Discord vira palco de crimes: animais são mortos ao vivo; Veja

Expresso Rio
Cachorrinha vítima de extremistas. Foto: reprodução

Uma investigação da Polícia Civil de São Paulo revelou um cenário alarmante: servidores do Discord estão sendo usados por grupos extremistas, formados majoritariamente por adolescentes, para transmitir e lucrar com maus-tratos a animais. As práticas incluem violência contra cães e gatos exibida ao vivo, transformada em espetáculo dentro de comunidades fechadas.
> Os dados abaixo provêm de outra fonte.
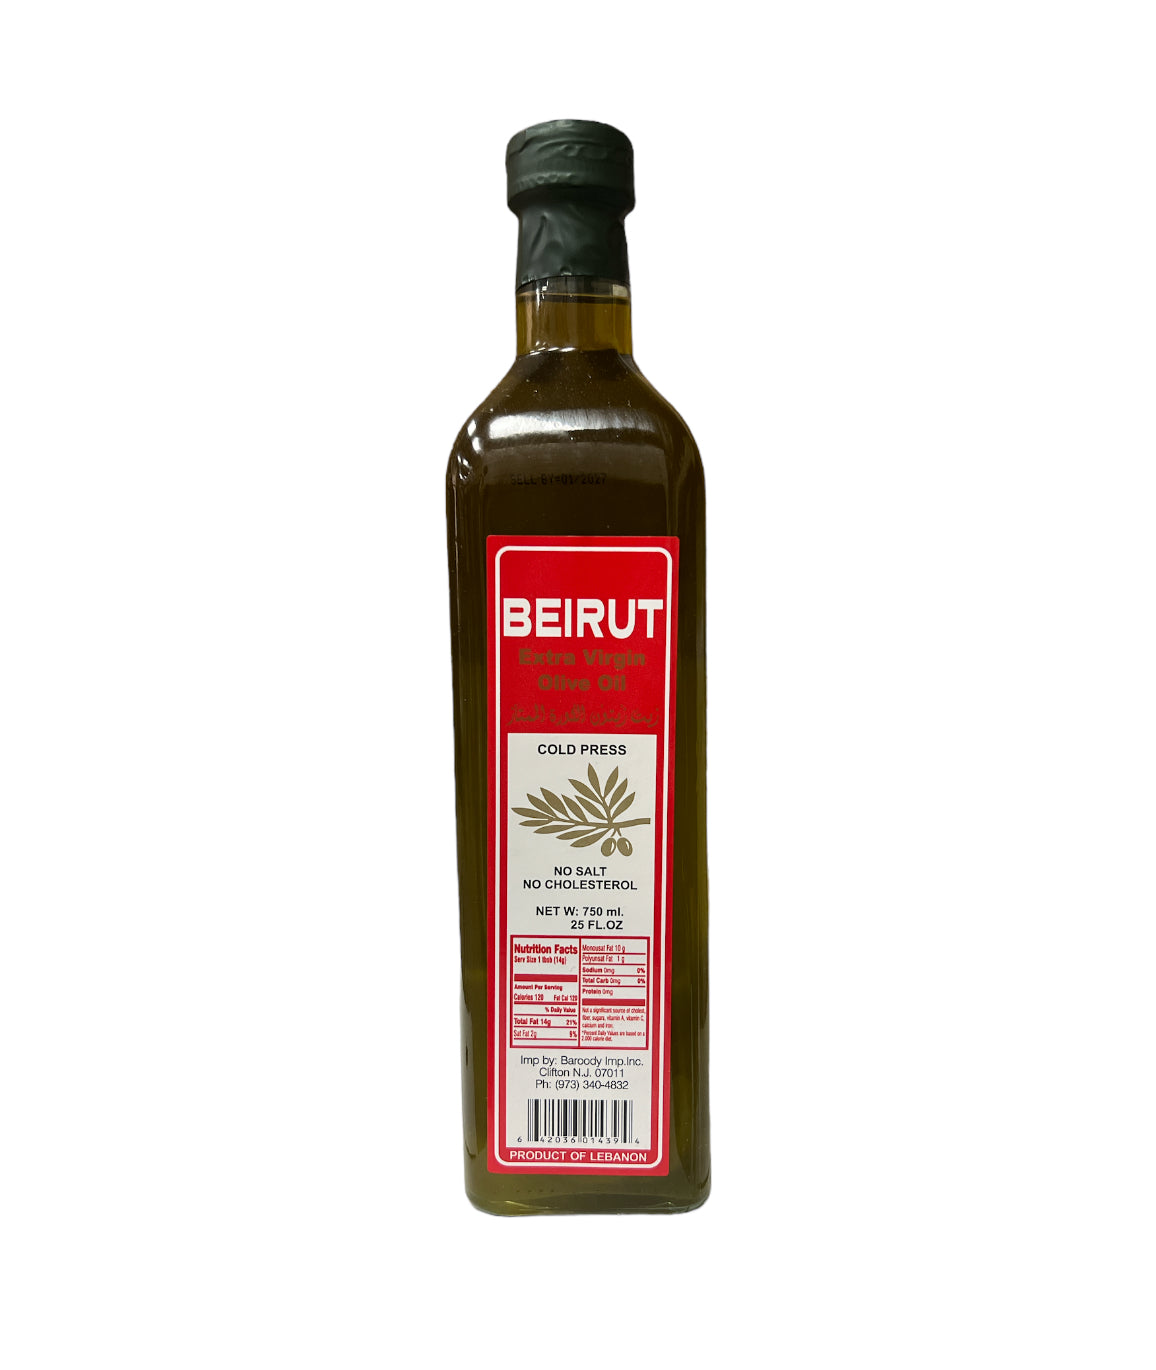 Beirut Extra Virgin Olive Oil

Segundo a delegada Lisandréa Salvariego, responsável pelo Núcleo de Observação e Análise Digital (Noad), a lógica dentro desses grupos depende da transmissão em tempo real. “Só tem valor se for ao vivo, porque é assim que o autor prova que está cometendo o ato”, afirmou. Nesse ambiente, quanto mais extrema a violência, maior o reconhecimento e o status entre os integrantes.

As investigações apontam que o público não atua apenas como espectador. Há participação ativa nas transmissões, com usuários incentivando as agressões durante as lives. Em um dos registros analisados, mensagens encorajavam o agressor a intensificar a violência contra o animal.

De acordo com a polícia, o problema é recorrente. Em média, entre 10 e 15 animais são vítimas de maus-tratos por noite nesses espaços digitais monitorados.

Outro ponto que chamou a atenção dos investigadores é o uso de coação para recrutar novos participantes. Adolescentes são atraídos para os grupos e, após o envio de imagens íntimas, passam a ser vítimas de ameaças e chantagens. Sob pressão, são obrigados a participar das transmissões, muitas vezes utilizando animais da própria família. Segundo a delegada, mais de mil animais já foram salvos em operações desse tipo.

Abaixo, prints de telas demonstrando os abusos:

Um dos casos acompanhados envolveu um jovem no Ceará que planejava matar cães da família durante uma live. A ação foi impedida após monitoramento e denúncia, permitindo que a polícia agisse antes da execução. Os animais foram encontrados vivos.

Em outra ocorrência, um suspeito de 19 anos foi preso sob acusação de ter matado mais de 100 animais. De acordo com a investigação, o objetivo era demonstrar poder dentro da comunidade virtual.

Para a Polícia Civil, o impacto vai além da crueldade contra animais. O material reunido indica um processo de dessensibilização progressiva. “A repetição gera perda de empatia. Eles treinam para não sentir nada”, explicou a delegada. Estudos analisados no inquérito sugerem que esse tipo de comportamento pode funcionar como preparação emocional para crimes mais graves.

A polícia também critica a postura das plataformas digitais. Segundo Lisandréa, o Discord não tem respondido com a rapidez necessária diante da gravidade dos casos. Atualmente, o núcleo paulista monitora cerca de 1.800 grupos ativos em todo o país.

O dado mais preocupante, segundo a investigação, é o perfil dos envolvidos. A maioria é formada por jovens. “Esses são os futuros adultos da sociedade”, alertou a delegada.